Problem details ::
In the copy, include exactly the lines from the one with "Buy Verified Revolut" through the end of the data and no others, both ends kept, with every picture left out.

Data section ::
┌──

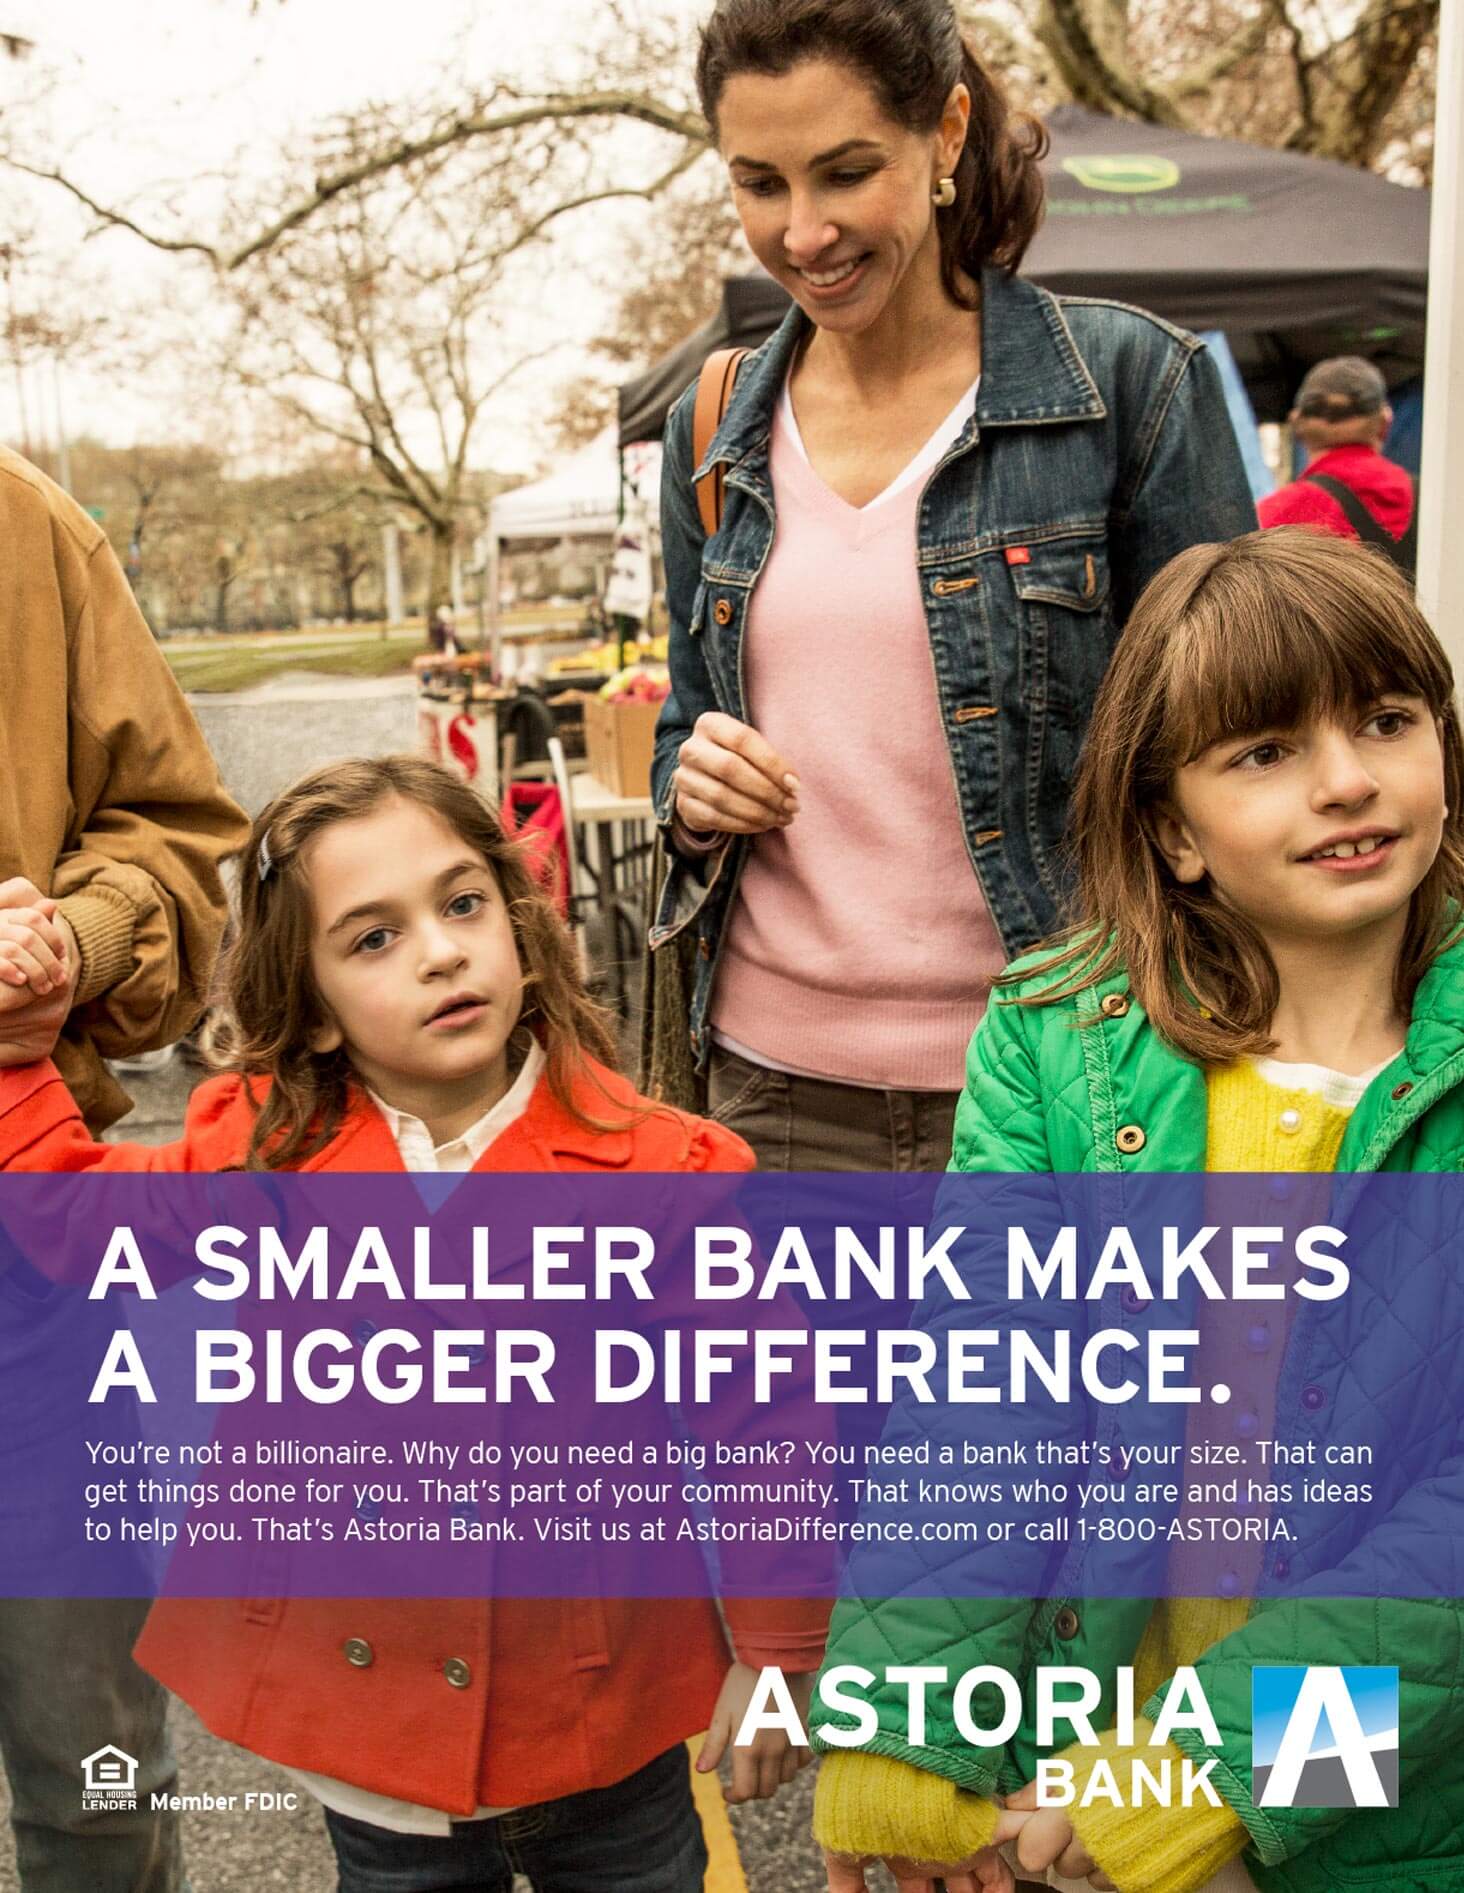 Astoria Bank. When you love what you do, you just do it better
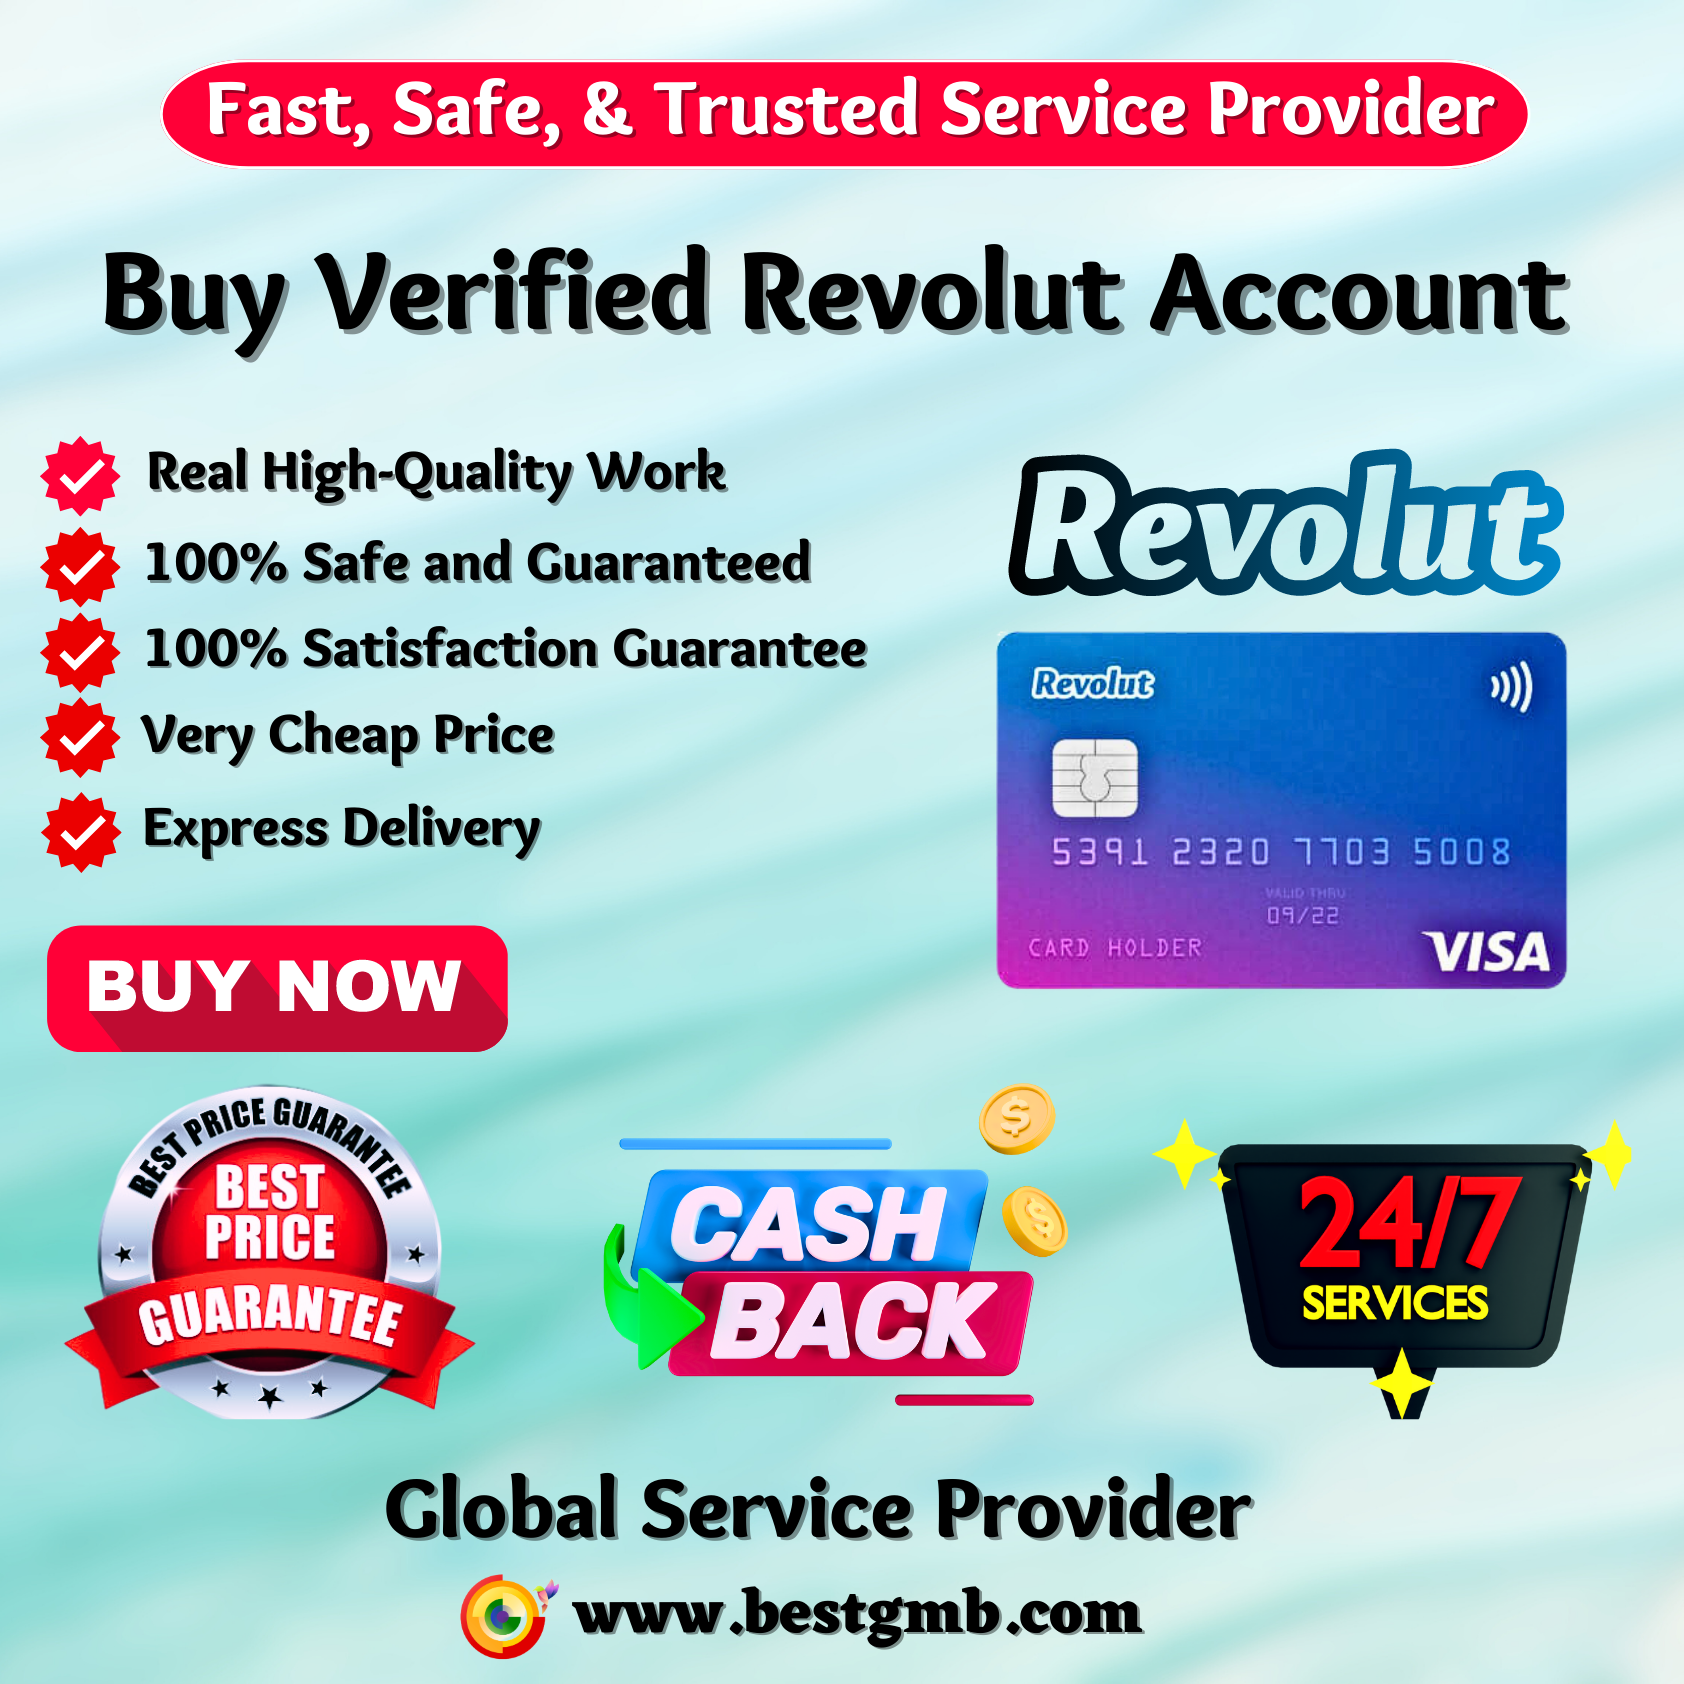 Buy Verified Revolut Account - Fully Verified Personal & Business Account
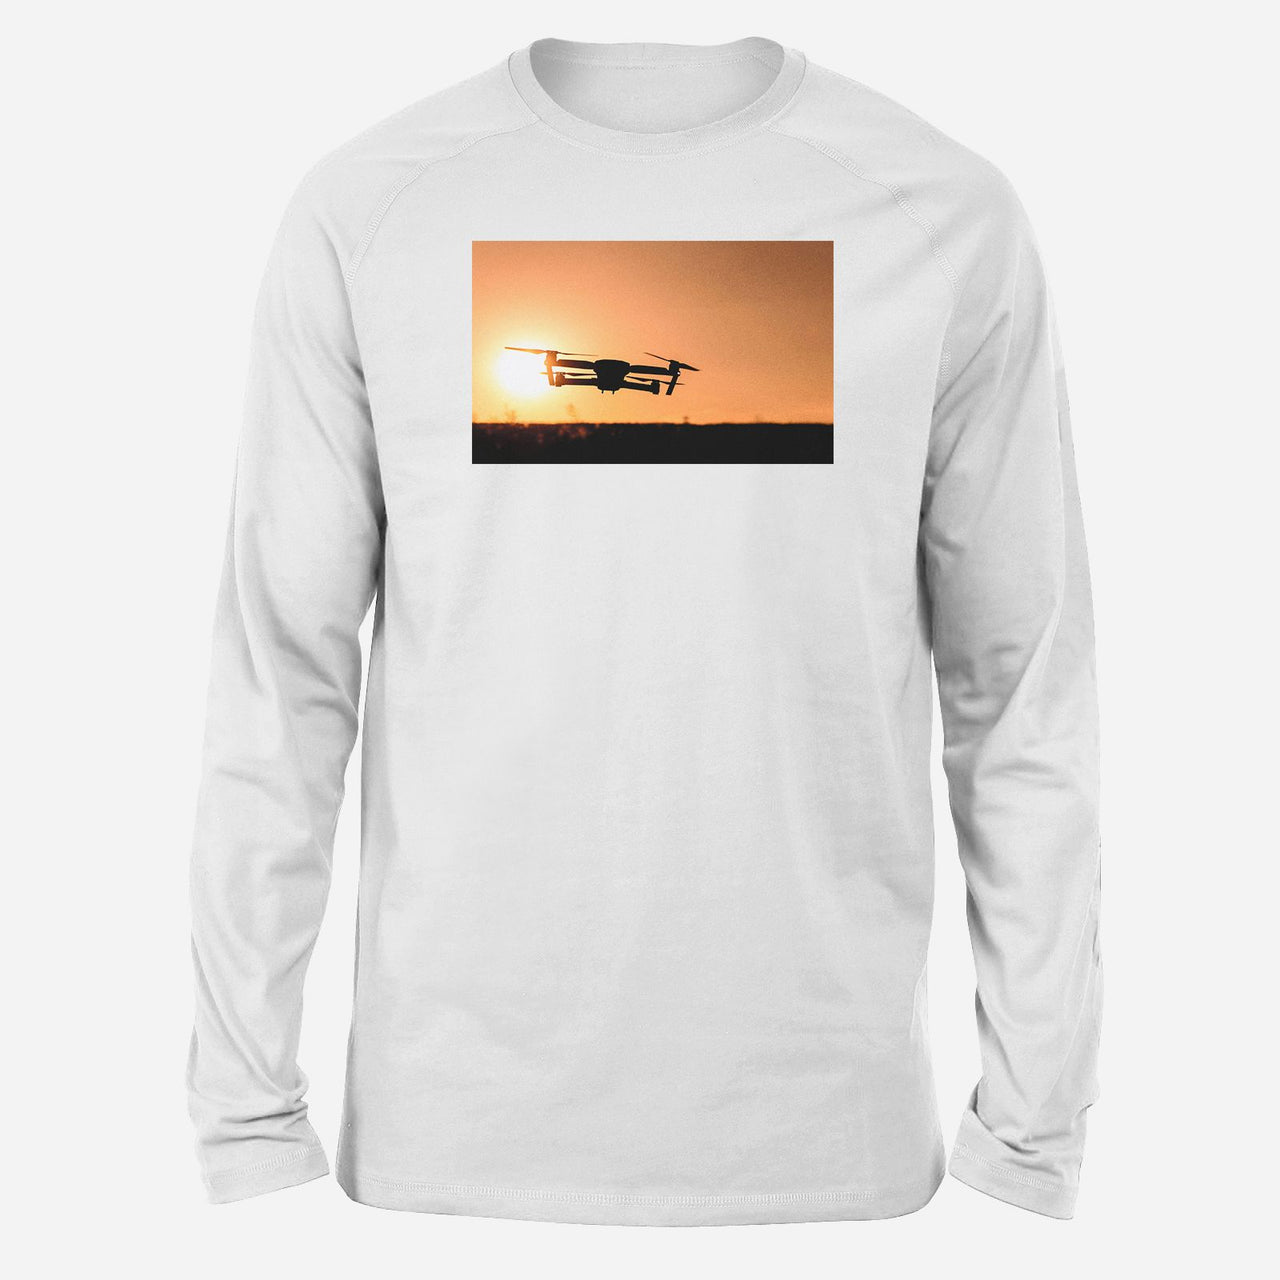 Amazing Drone in Sunset Designed Long-Sleeve T-Shirts

└──

Your solution ::
 Buy Verified Revolut Account - Fully Verified Personal & Business Account
 Amazing Drone in Sunset Designed Long-Sleeve T-Shirts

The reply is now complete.